Without knowing what to look for, buying software can be a tricky business.

But, for various reasons we often find ourselves in need of new software to help us get more done, work faster, and ensure our security.

So, to help you along I’ll share with you some advice that will keep you on track.

To sum it up you should:

  • Be sure about the specific requirements you have for the software
  • Make sure it is user-friendly and adaptable
  • Ensure it matches your company’s needs and habits
  • Be aware of compatibility problems with different types of devices and operating systems
  • Make sure the software doesn’t require frequent fixes, but support is provided reliably, if needed
  • Choose software that fits your data privacy/security requirements
  • Inform yourself about the product’s price stability

The world of technology is evolving at a faster rate than ever before. Therefore, it is important to choose software that can keep up with that pace and the current standards.

To help you narrowing it down to a few options, there are a few simple questions and criteria, so you can find the futureproof software you’re looking for.

Define Your Specific Requirements for the Software


First of all, let’s start with your needs:

  • What do you absolutely want the software to be able to do?
  • What kind of functionality do you need from the software in order to carry out the task?
  • Extra functionality beyond that – the bells and whistles as they’re sometimes known, are nice to have, but they’re not essential when you buy software.
  • And what do you anticipate will be your needs in the foreseeable future – say 3 – 5 years from now?

This should be your absolute bottom line which your choice of software must be able to meet.

Speak with everyone who may potentially use the software too – to make sure you don’t miss out any important criteria.

Stakeholders will have big influence on whether your final choice is accepted anyway – so it’s best to include them early in the process. It’s an essential part of making sure your proposal is accepted.

Prioritize Software That’s Easy to Use


Next up, you should consider how user-friendly the software is.

If the application is too cumbersome, complex, or just downright user-unfriendly, then it may not be worth bothering with.

This comes down to good user interface design. In the past, application software tended not to be very user-friendly. Software design with the user in mind came second to the functionality.

Fortunately, things are now changing as more and more software providers employ professional “User Experience” or UX designers to ensure this aspect of usability is given proper attention.

Usability in turn also affects how long the learning curve will be for new users.

All new software takes at least a little time to master and get used to. The question to ask is: how long is the learning curve? Training takes time and can be expensive. So the shorter the learning curve the better.

Find Out If the Software is an Industry Standard


This can be a very important point when you buy software.

Is the software an industry standard? A software package which is an established industry standard is always worth considering when you are looking for futureproof software.

Evidence can range from the number of product users, to industry rankings, and press mentions.

It shows people have confidence in the software.
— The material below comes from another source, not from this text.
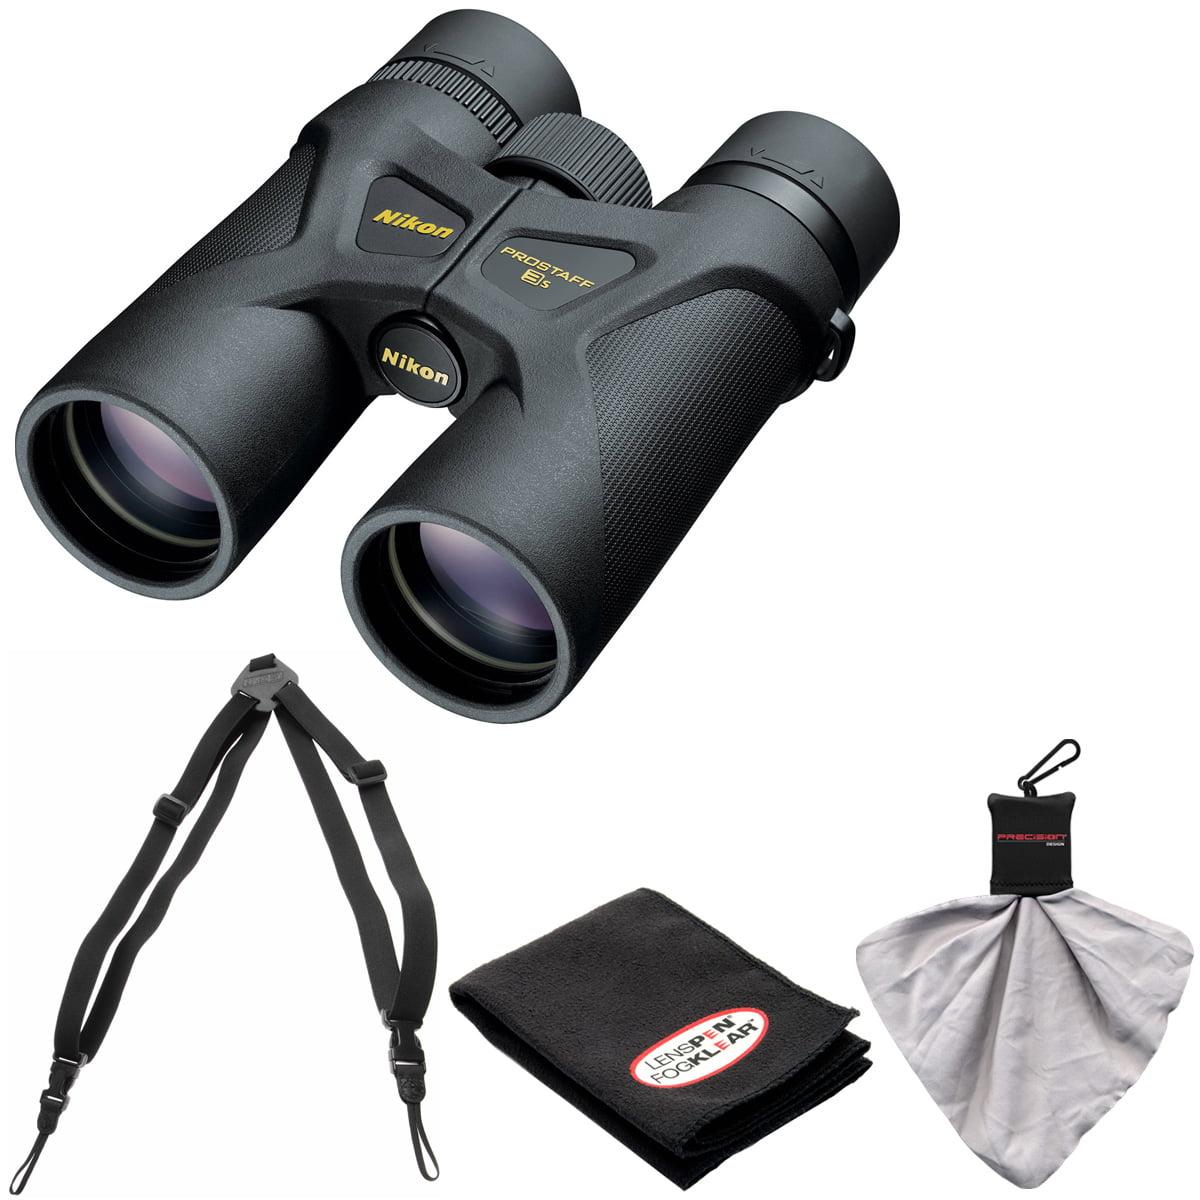 Nikon Prostaff 3S 10x42 Waterproof/Fogproof Binoculars wi...

And it means there are people out there who are already familiar with the software and know how to use it.

This makes it easier to find staff who know the software, and means less need for time and money to be spent on training.

Make Sure it Meets Collaborative Needs


You should also ask yourself, if you need software for collaborative tasks: Will the software be used by a team – for example colleagues, your clients, other contractors, partner companies, or other departments?

For example, your choice of financial accounting software can also depend on what your accountants already use.

Personally, I chose my financial accounting software according to the cloud-based system used by my accountants.

This makes it easier for them to manage my accounts and tax affairs. If I chose a different system to theirs, then my financial data would have to be converted into a different format every time for the accountants to be able to access.

Check That It’s Compatible with Different Devices and OS’s


You also have to be aware of the compatibility between the software and different types of devices and operating systems.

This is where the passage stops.